Человечек в ответ разразился новой птичьей трелью.
– Я где? – задал Рокотов новый вопрос, более соответствующий его положению.
Но и в ответ на этот вопрос последовала порция весеннего птичьего чириканья.
Потом узкоглазый человек завертел головой, и рядом с ним появились еще двое таких же узкоглазых.
Рокотов приподнялся на локтях, огляделся.
Вокруг были кухонные плиты и шкафы – явно какая-то большая, должно быть, ресторанная кухня. Возле плит суетились одинаковые узкоглазые люди в белом.
– Да что же это такое! – страдальческим голосом проговорил Рокотов. – Где я?
Кто-то из узкоглазых повернулся, прочирикал что-то призывное – и подошел еще один, почти не отличающийся от первых. Остановился, удивленно посмотрел на Рокотова.
– Где я? – повторил Рокотов.
– Ви в Сяньхае! Где же ессе? – ответил ему новый персонаж, смешно вытаращив глаза.
– Где?! – ужаснулся Рокотов. – В Шанхае?
– В Сяньхае, в Сяньхае! – закивал узкоглазый, радуясь тому, что его поняли.
– Да как же я сюда попал?
– Ни зинаю! – китаец развел руками. – Интересиный вопрос! Я думал, ви зинаете!
– Черт… – выдохнул Рокотов. – Что же делать? Тут у вас в Шанхае есть российское консульство?
– Розийское консульство? – изумленно переспросил китаец. – Засем здесь розийское консульство? Это зе Санкт-Петересбург…
– Ничего не понимаю! То ты говоришь, что Шанхай, то – что Петербург…
– Это ресоторан Сянхай, в Санкт-Петересбурге… на Невиском параспекте…
– Ресторан? – Рокотов облегченно вздохнул. – А я уж испугался. Ну, привидится же такое… и вроде бы не пил я… давайте, китаезы, показывайте быстро, где выход, у меня дел невпроворот…
Но китаец вдруг быстро порхнул в сторону, а вместо него появились двое парней самого спортивного вида. Рокотов не успел удивиться, как парни ловко надели на него наручники, завязали глаза и поволокли куда-то вверх. Споткнувшись пару раз, Рокотов понял, что тащат по лестнице. Потом повеяло свежим ветерком, и хлопнула дверь. А после уж втолкнули его в машину, и она быстро тронулась.
– Эй, постойте! – опомнился Рокотов. – Куда вы меня везете? Глаза завязали…
– Помолчи пока, – посоветовали ему, – а то и рот заткнем.

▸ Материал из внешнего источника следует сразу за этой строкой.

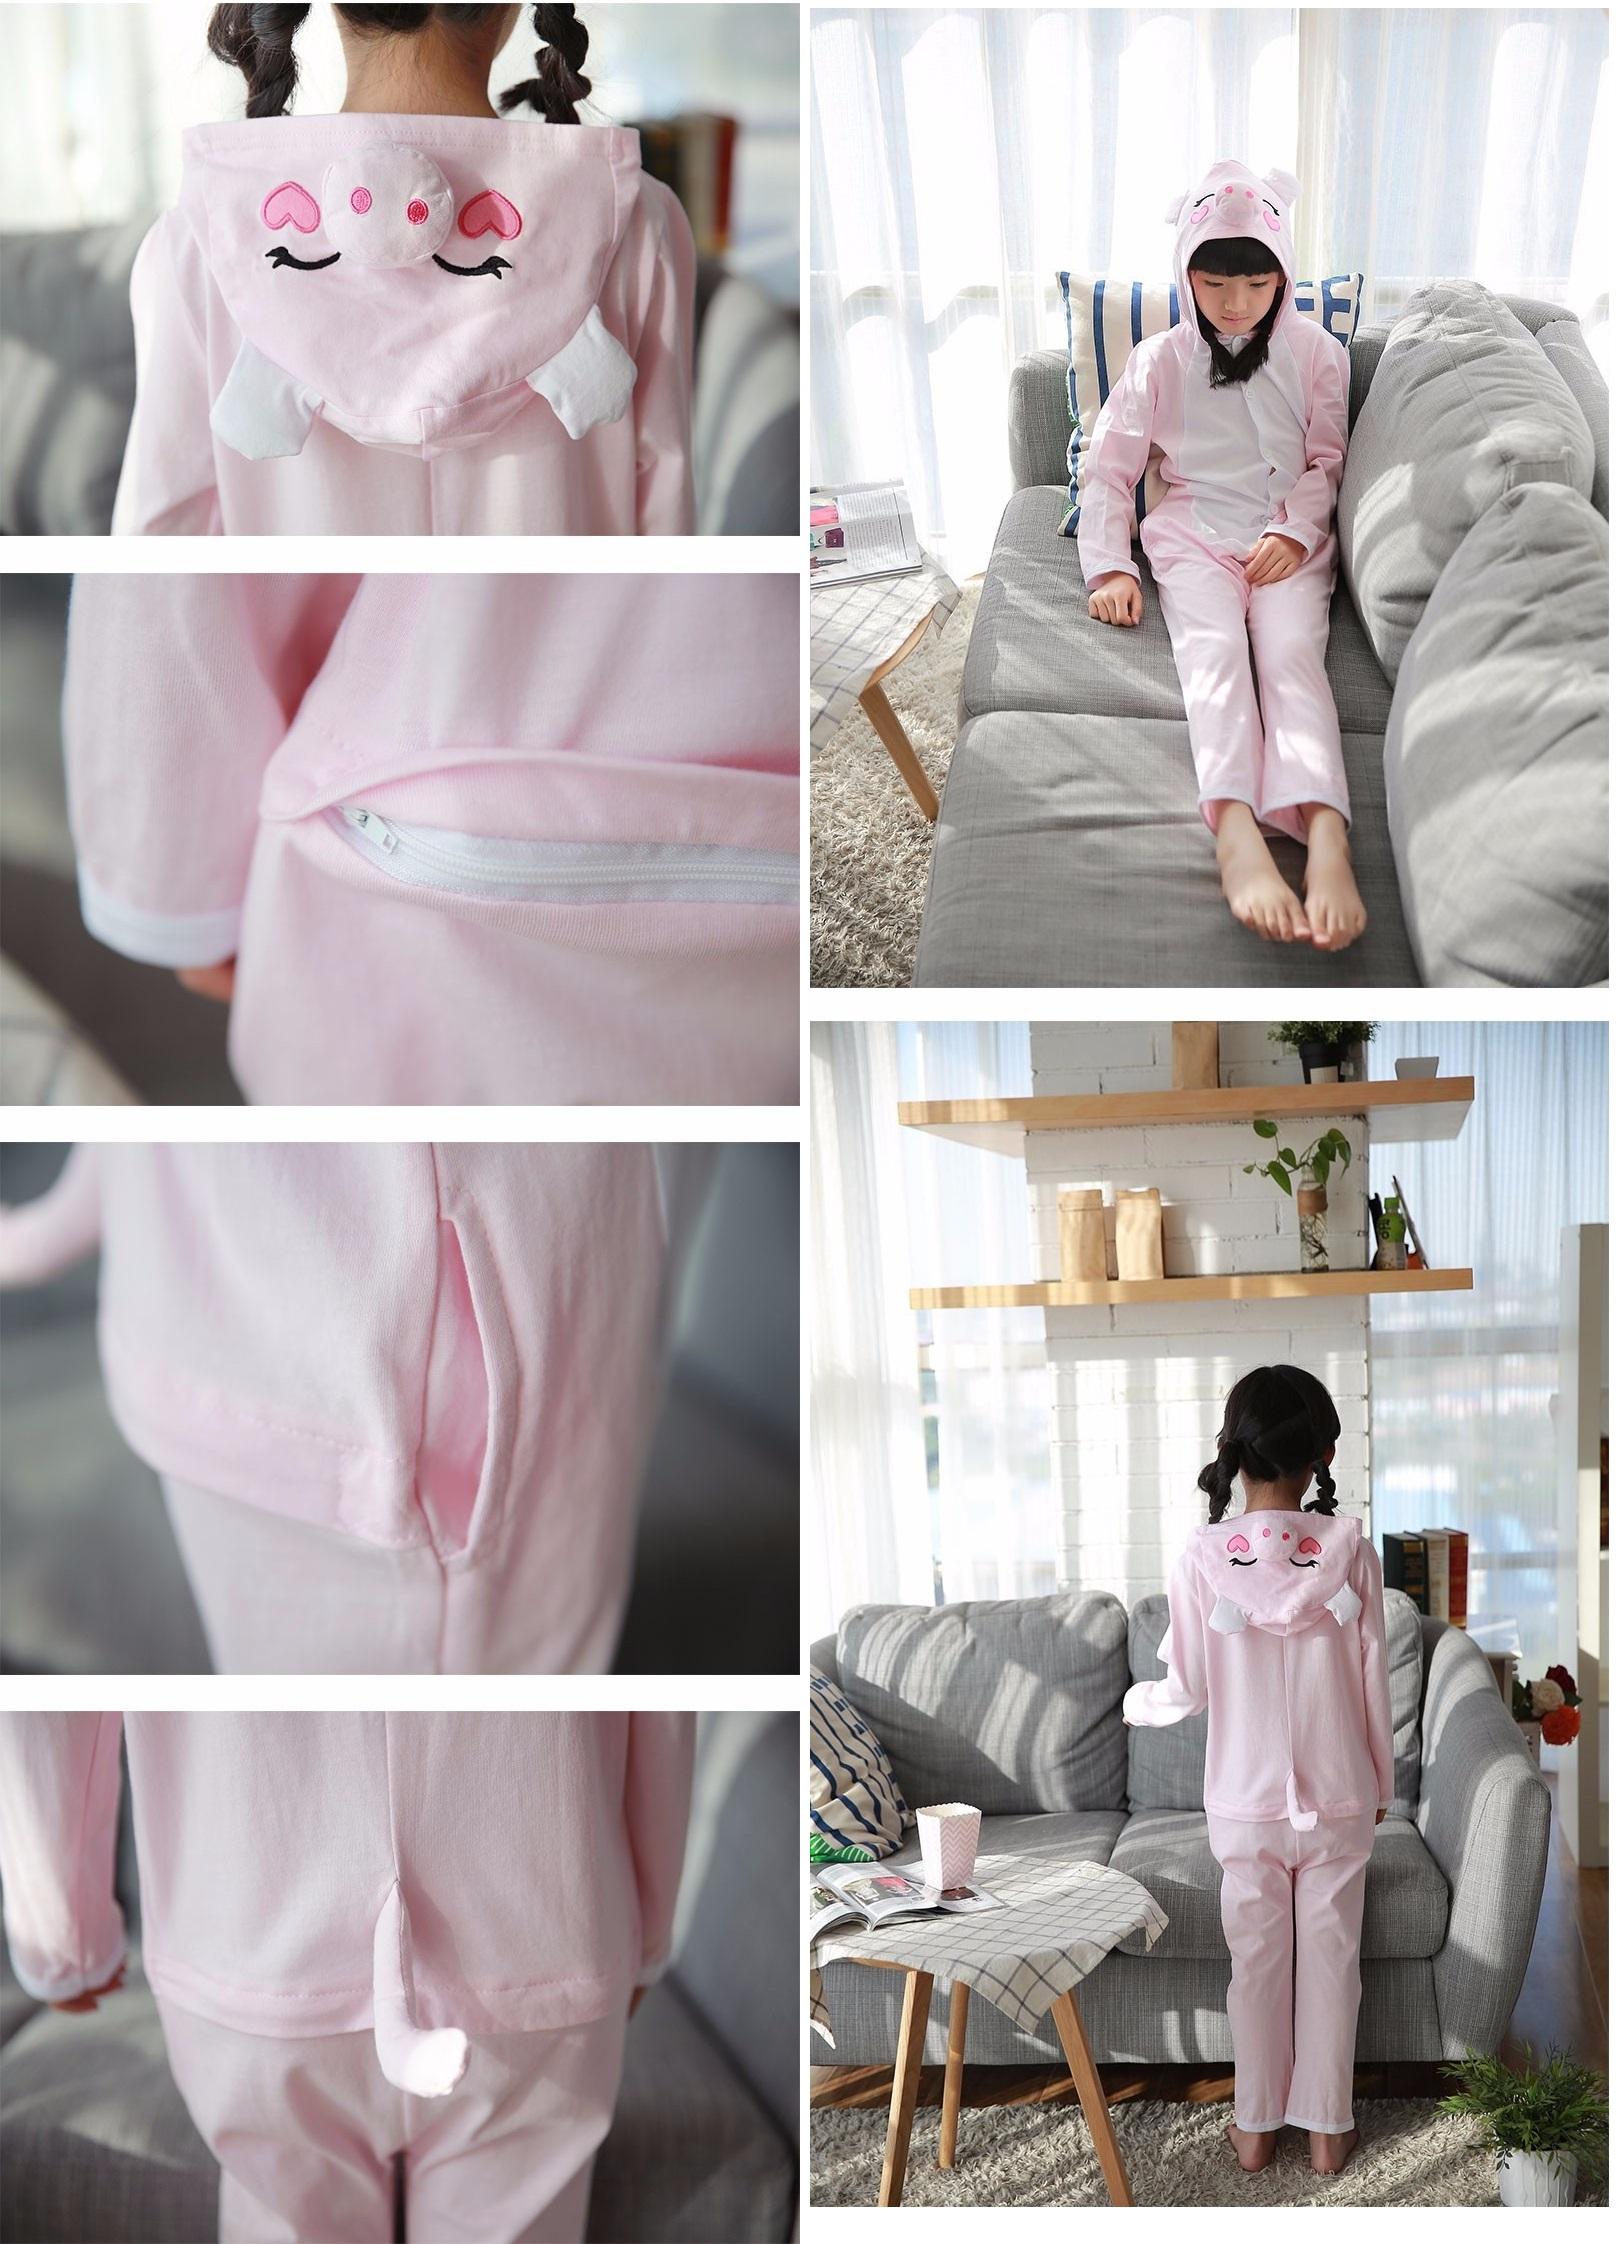 Pijama Completo de Cerdito para niñas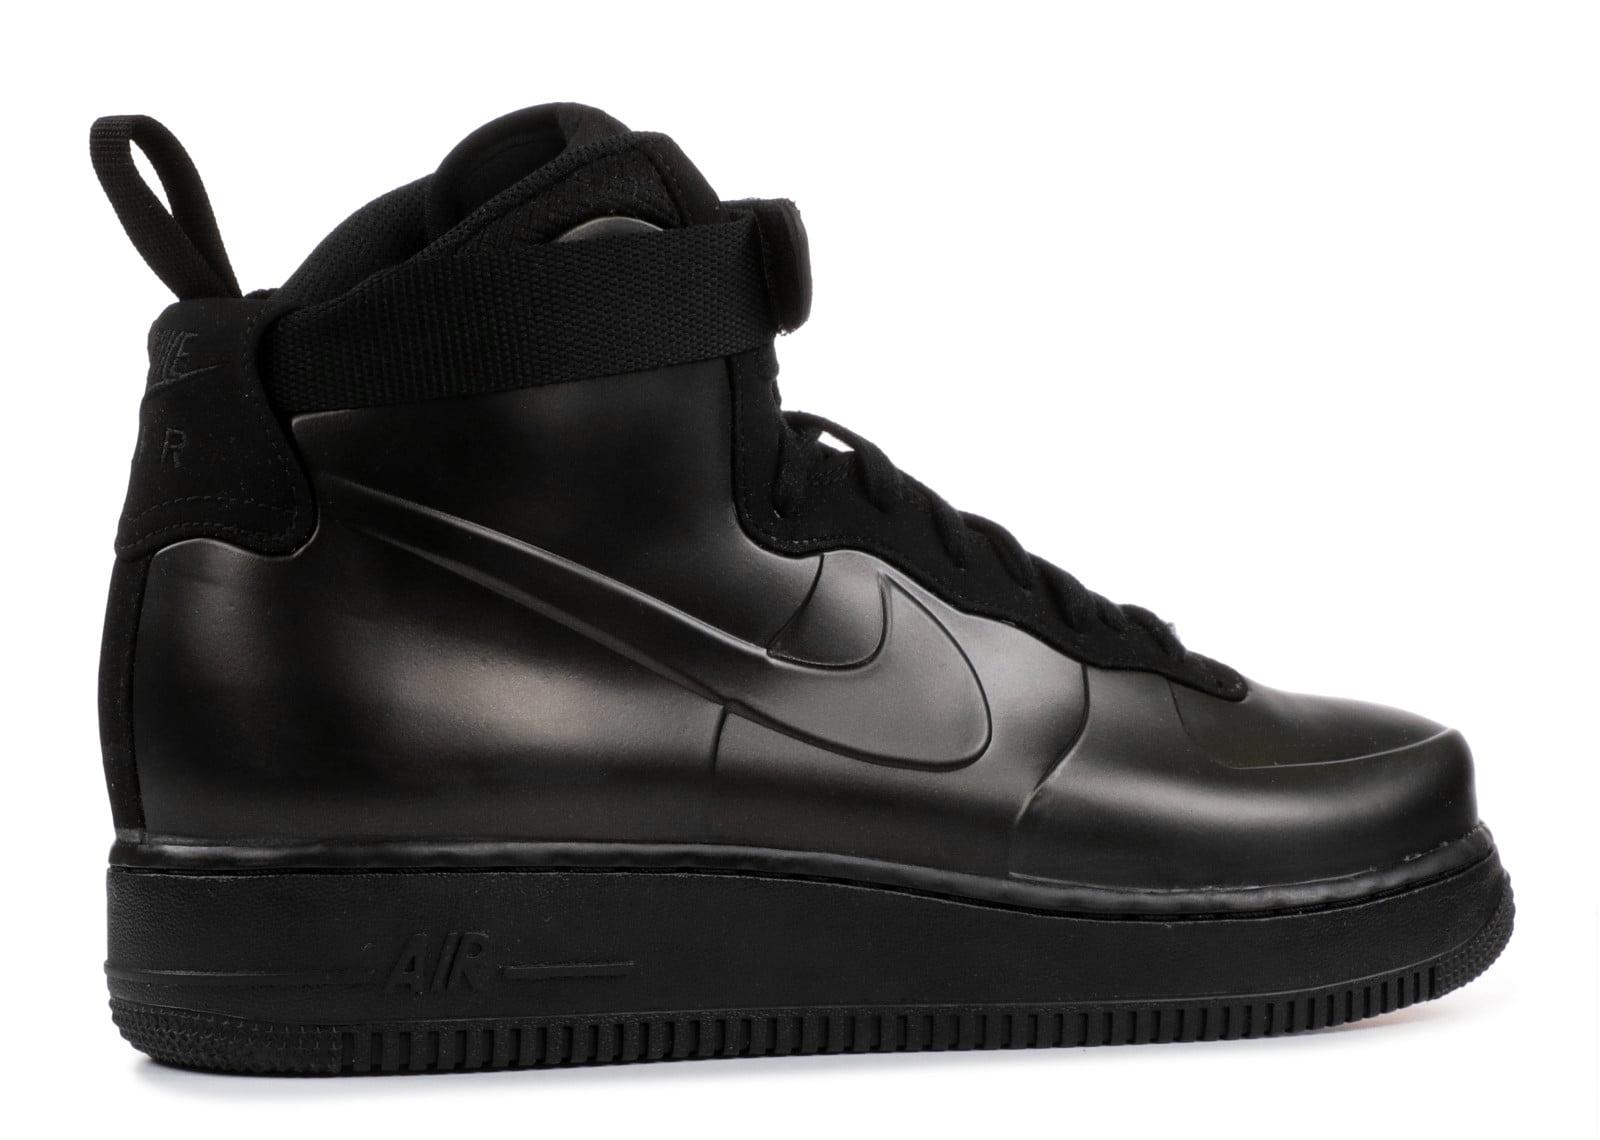 38eca26f089 Nike - Men - Air Force 1 Foamposite Cup  Triple Black  - Ah6771-001 - Size  13

Но бить не стали. И Рокотов забеспокоился. Уж больно ловко они его прихватили. И о чем говорит такой профессионализм? Вот именно, ни о чем хорошем он не говорит.
Предчувствия его не обманули.
Повязку с глаз сняли в просторном кабинете, стены которого были обиты темными дубовыми панелями, а под потолком висела старинная бронзовая люстра. За письменным столом сидел седой человек, немолодой, но крепкий.
– Ага, – сказал он, – Рокотов, значит. Ну, рассказывай, Лева, за каким бесом понадобилось тебе следить за моими сотрудниками. На кого ты теперь работаешь, Рокотов?
Рокотов понял, что все неприятности, которые случились с ним до этого, были детским лепетом по сравнению с тем, что будет теперь. Настоящие его неприятности только начинаются.
Женя проснулась через несколько часов, когда чуть рассвело.
Над водой опустился молочно-белый густой туман, так что не видно было даже ближайших катеров. В домике Михалыча, однако, горел свет, и Женя поняла, что пора вставать.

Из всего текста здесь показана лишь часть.